To be effective and make a difference, our development cooperation and foreign policies must be coherent nationally, within the EU and multilaterally. The work carried out in the Community of Democracies Working Group on Enabling and Protecting Civil Society is a good example. This effort has contributed to very real and concrete results in several countries over the last two years. I want to thank Canada for leading this working group, and in particular the international CSOs contributing constructively to this effort, ICNL, World Movement for Democracy, CIVICUS and Article 19.
I believe that for development cooperation to be effective, we must put freedom and human rights first and focus on the individual as a key actor for change. This entails supporting embattled civil society organisations' access to legal advice, appeals, monitoring of court cases, hospital charges, travel expenses for visits of imprisoned activists and compensation for destroyed or confiscated property, such as mobile phones and computers.
It can also mean capacity building for CSOs, working for free and independent media, providing equal access to the legal system, and strengthening women's rights and political participation with the purpose of creating an enabling environment for civil society.

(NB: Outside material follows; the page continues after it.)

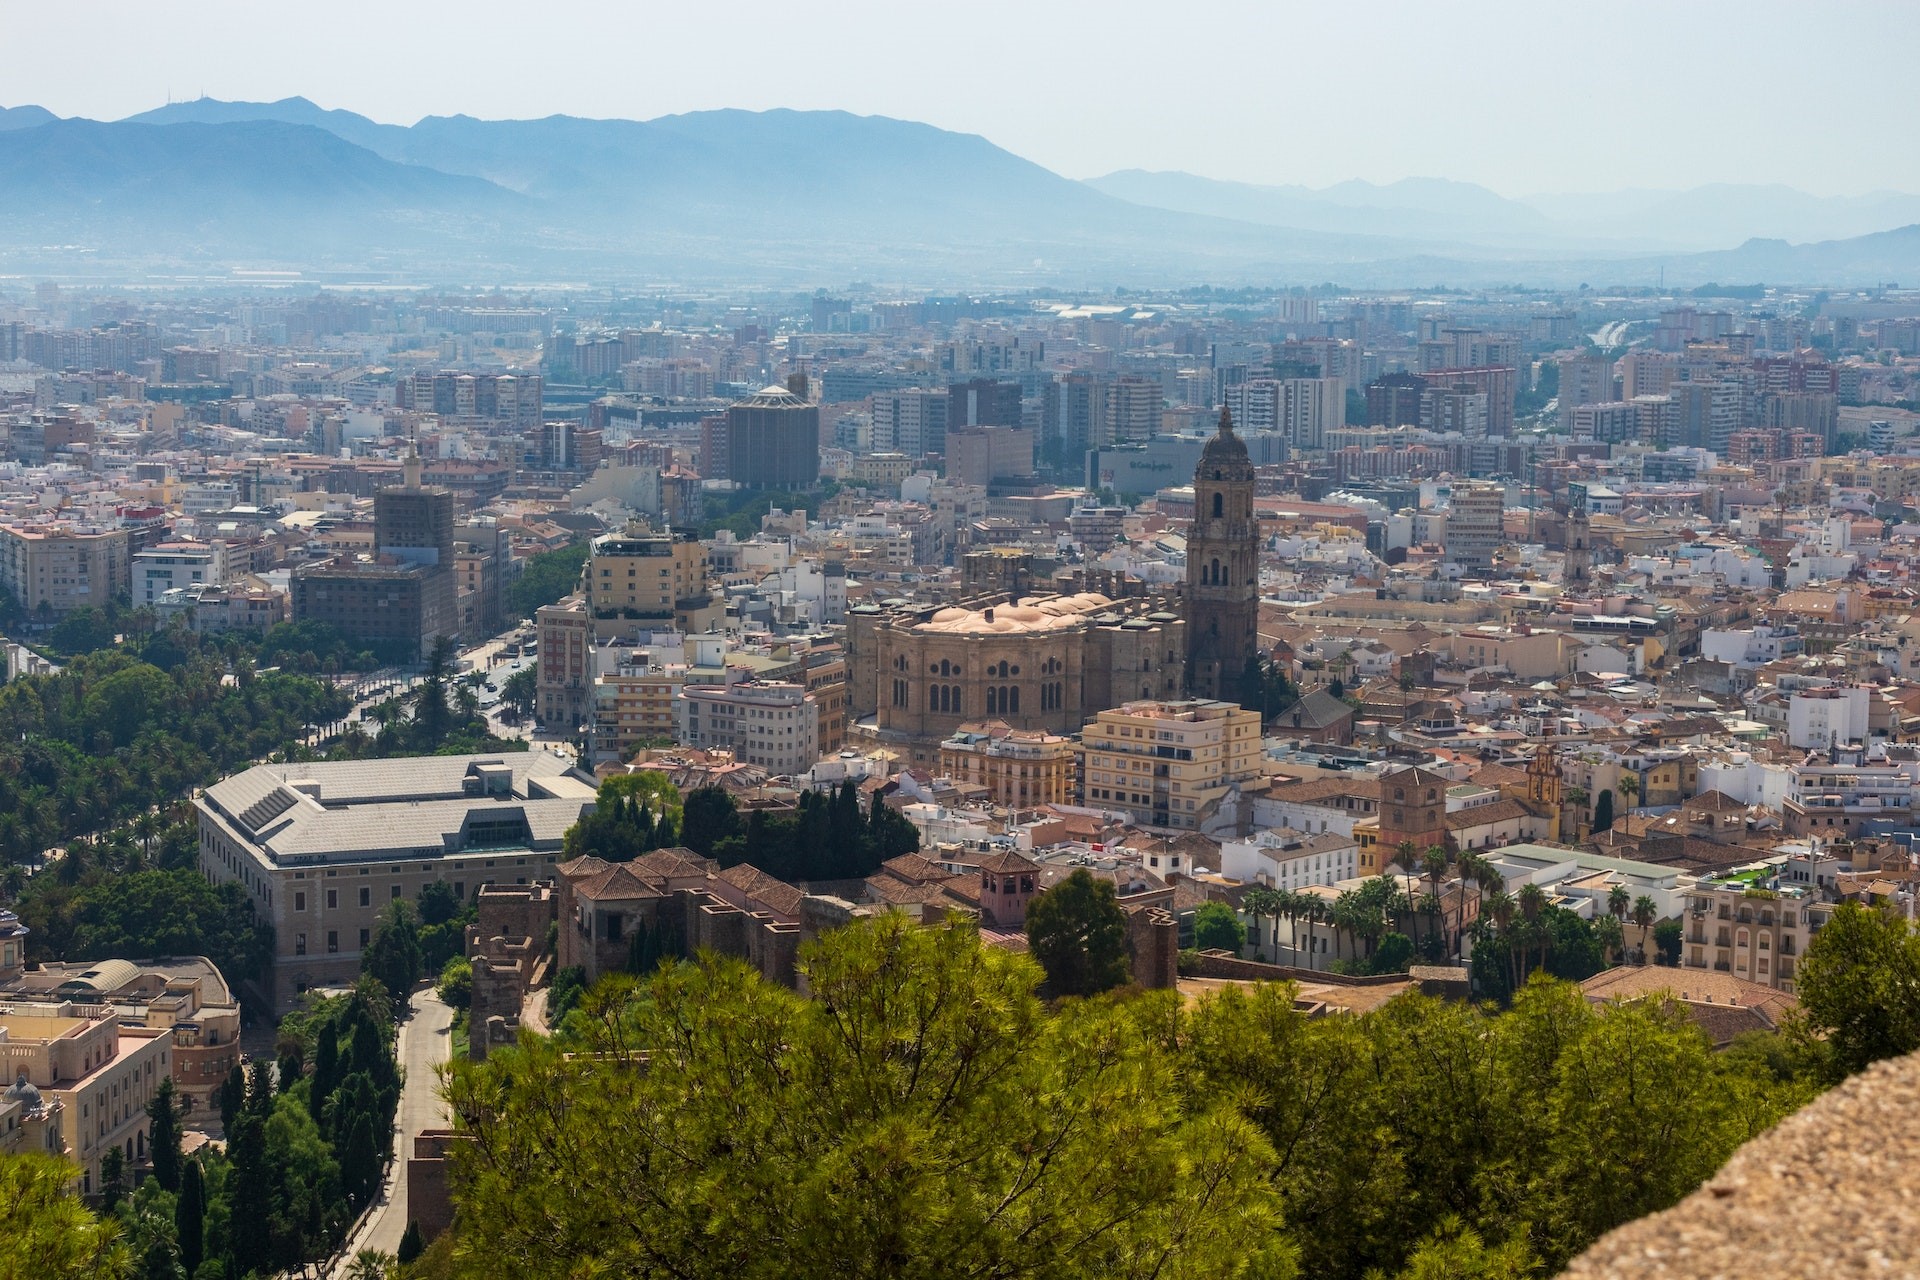 Faa byen paa en afstand find roen i Spanske feriebyer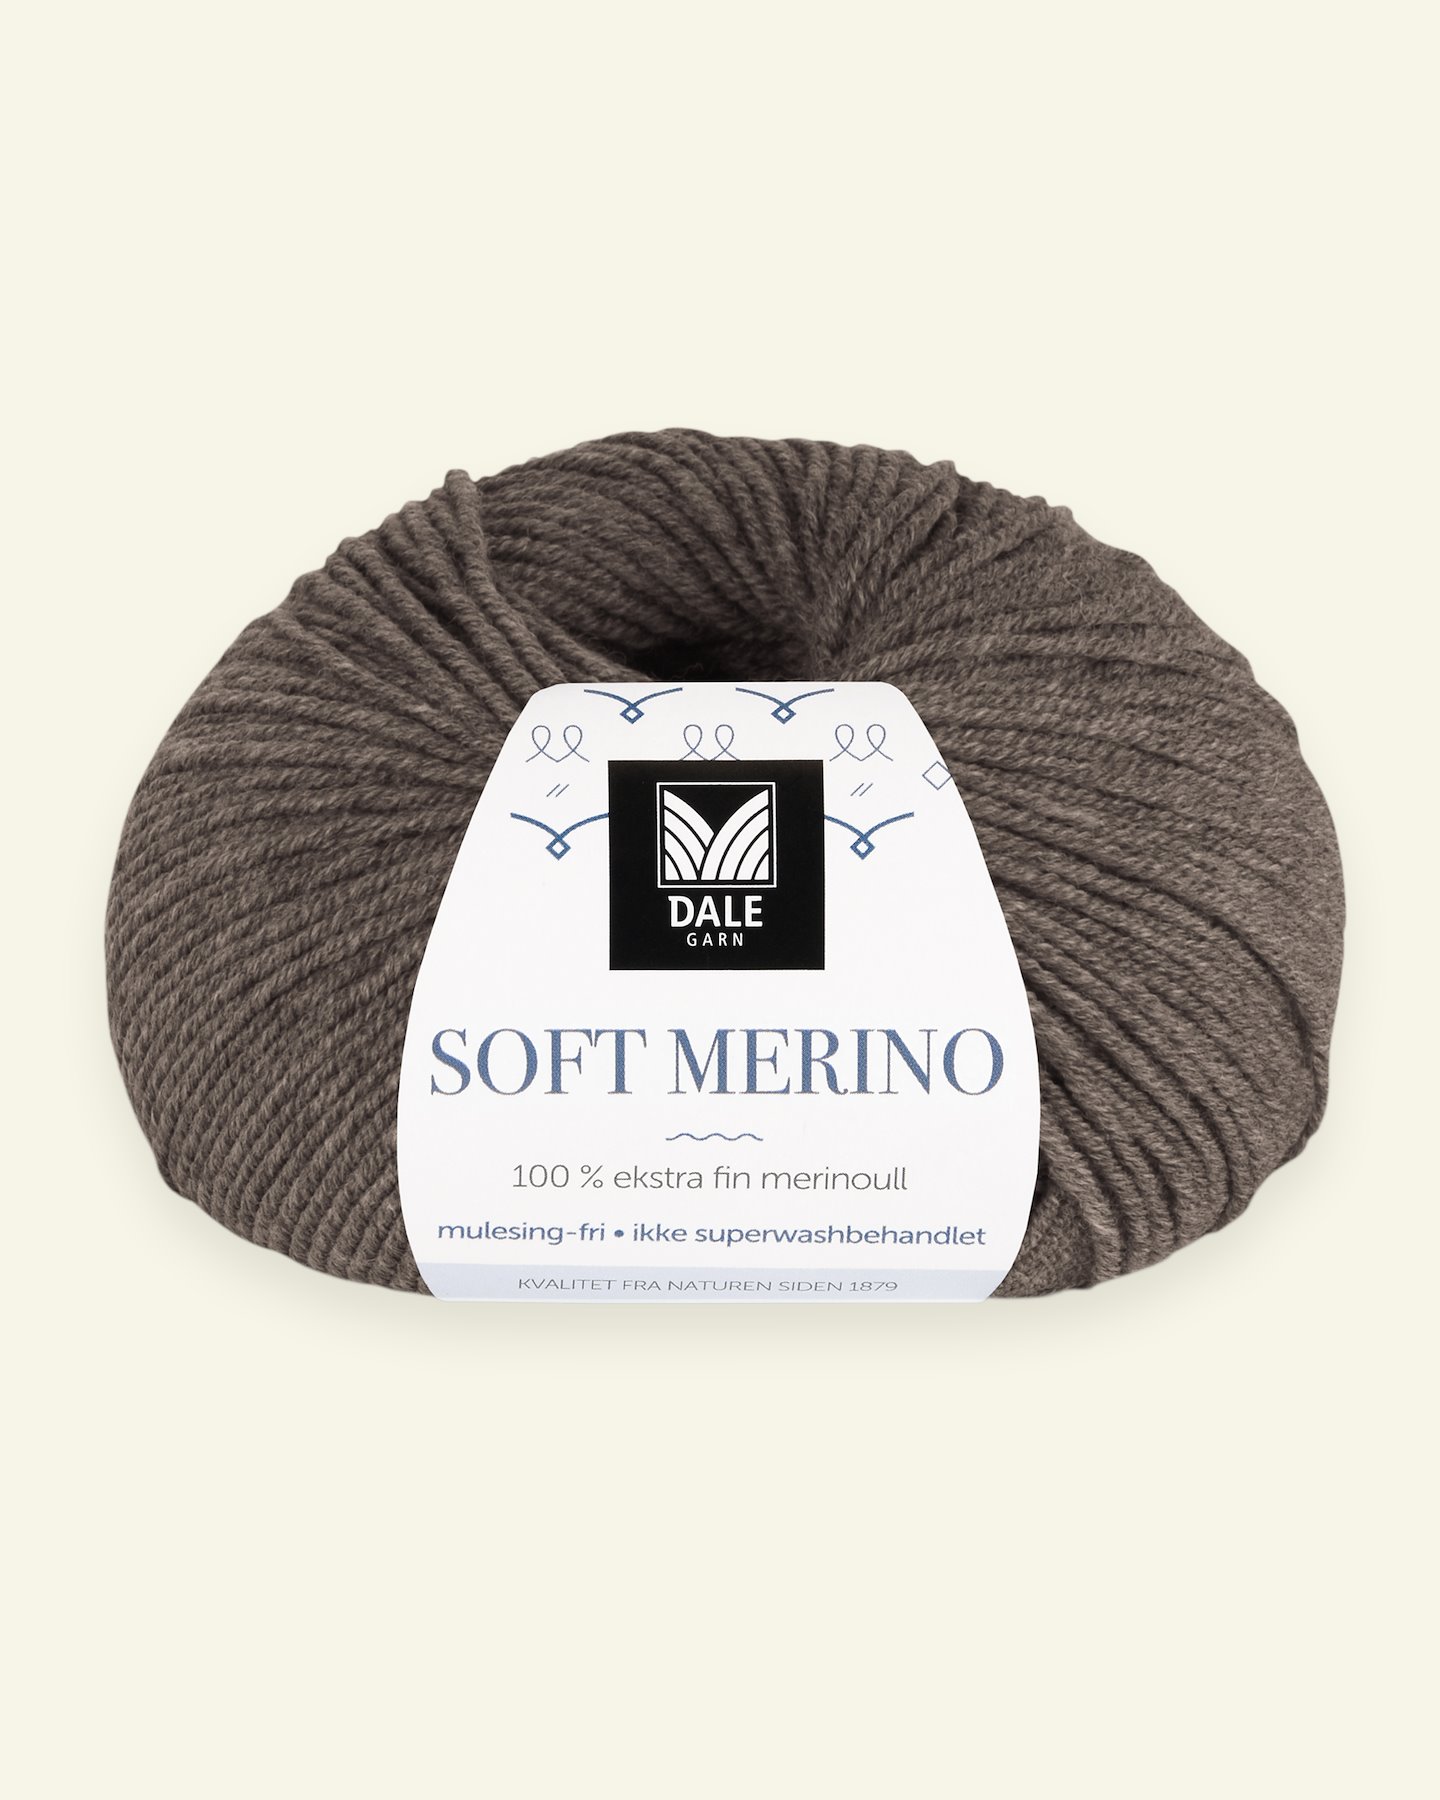 Dale Garn, 100% ekstra fint merinogarn "Soft Merino", Brun melert (3025) 90000346_pack

To illustrate how important this kind of work is to us, I wish to mention that more than one third of Swedish bilateral development cooperation, or 5.6 billion Swedish kronor, goes to and through civil society. Of that amount, more than 2 billion kronor per year goes to democracy support and human rights assistance.
Ladies and gentlemen,
During the Global Forum, you have participated in workshops on themes of great importance, including Backlash against Civil Society, Democratic Transitions, Survival Techniques for CSOs, Self-Regulation Initiatives and Promoting Constructive Engagement with the Diplomatic Community and International Organisations. I would very much like to listen to your discussions, thoughts and findings from these workshop.
Democracy is about change. Human rights are about freedom. And the role of civil society in this is crucial. I will continue to do my utmost to make it possible for civil society organisations and other pro-democracy actors to conduct their activities openly and freely.